According to Sri Aurobindo, the spiritual principle transforms the whole man and governs his mind, life as well as body. The descent of the higher or the ascent of the lower into it does not negate but fulfils the latter. This principle is of considerable im­portance in Sri Aurobindo’s philosophy of culture. His philosophy of culture is a spiritual philosophy of affirmation. The life of the spirit shall not be the life of physical, vital or mental frustration, deficiency or incapacity but or more and more enjoyment, growth and activity of the body, the vital being and the mind. While the urges of all these are faltering, blind, ignorant and conflicting on the mental level, in Spirit they become harmonious, purified, enligh­tened and smooth in working.

The spiritual ideal of Sri Aurobindo’s philosophy of culture, however loftyit may appear, is what every human being actually sees in his life though generally blindly and confusedly and through wrong methods.

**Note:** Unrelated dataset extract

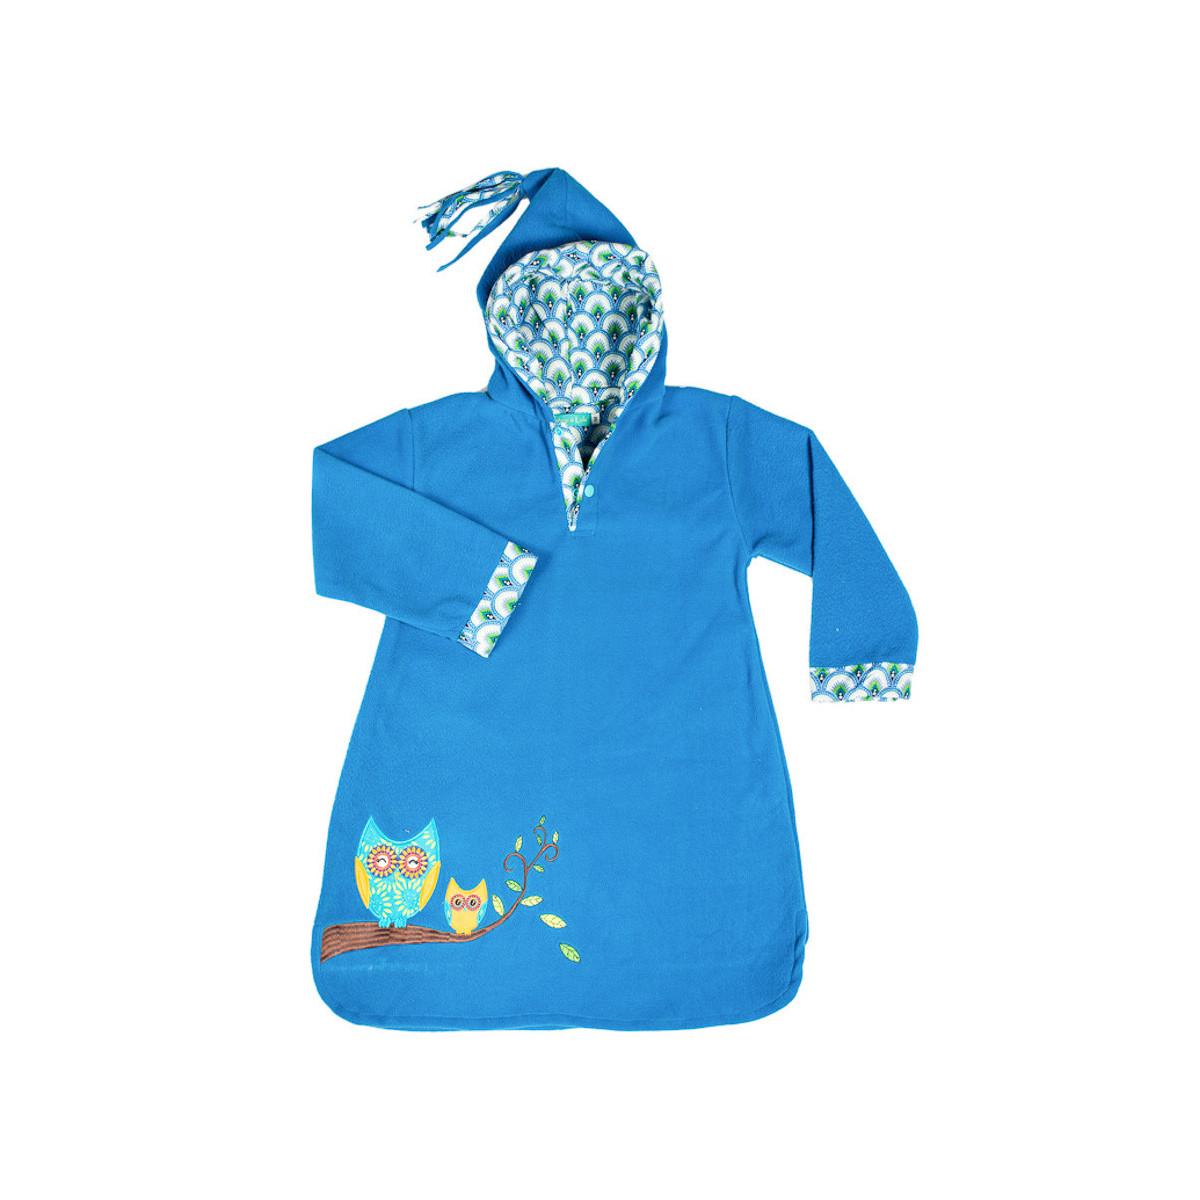 Burnou polaire enfant bleu et hibou brodé

We have to readily agree with the proposition that if man must live, he must live more and more fully, since this is pre­cisely what all of us seek in our own way. “But few know clearly, what living more fully means and that is the reason of man’s constant fai­lures to live fully. Now, if man would learn his past failures, he should realize that to live fully means to be universally and finally to be divinely. Thus even for the survival, growth and pleasure of his body, life and mind, man should transcend his present level to reach the realm of spirit through gradual and persistent ascent.

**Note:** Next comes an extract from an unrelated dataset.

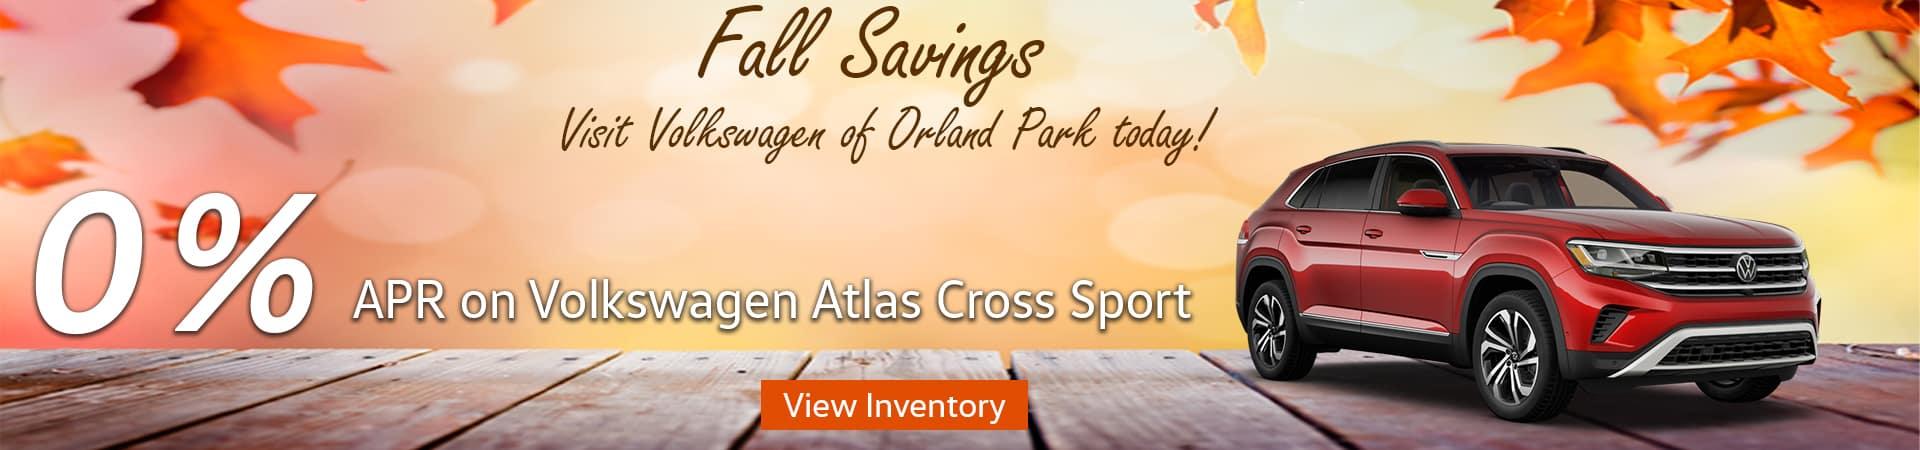 Atlas Cross Sport 0% APR 10-7

The nature of this spirituality has been generally missed by other philosophers of culture. It has been often confused with higher intellectuality, idealism, morality, austerity, religiosity and exalted emotional fervour. It is neither of these, nor even a compound of all these. “Spirituality”, according to Sri Aurobindo; “is in its essence an awakening to the inner reality of our being; to a spirit, self, soul which is other than our mind, life and body, an inner aspiration to know, to feel, to be that, to enter into contact with the greater Reality beyond and pervading the universe which in­habits also our own being, to be in communion with it and union with it, and a turning, a conversion, a transformation of our whole being as a result of the aspiration, the contact, the union, a growth or waking into a new becoming or new being, a new self, a new nature.”             (The Life Divine)

Sri Aurobindo is not satisfied with the utilitarian compromises, partial remedies, the see-saw of progression and regression. He realized, more than any other thinker, the crisis which the human race is facing at present. He interpreted this crisis not by its overt signs but with a vision into its meaning, with reference to the great forces working not only behind man but in the whole of the cosmos. He realised the gravity of the situation more than the pessimist philosophers of history or society. And yet he is more optimistic than even the meliorists, the pragmatists, a Russell or a Gandhi. This robust optimism is not the idealism of a divine and religious soul. It is based on his practical solution of the problem, a remedy surer and more comprehensive than that of others, as it is based on ultimate metaphysical truths.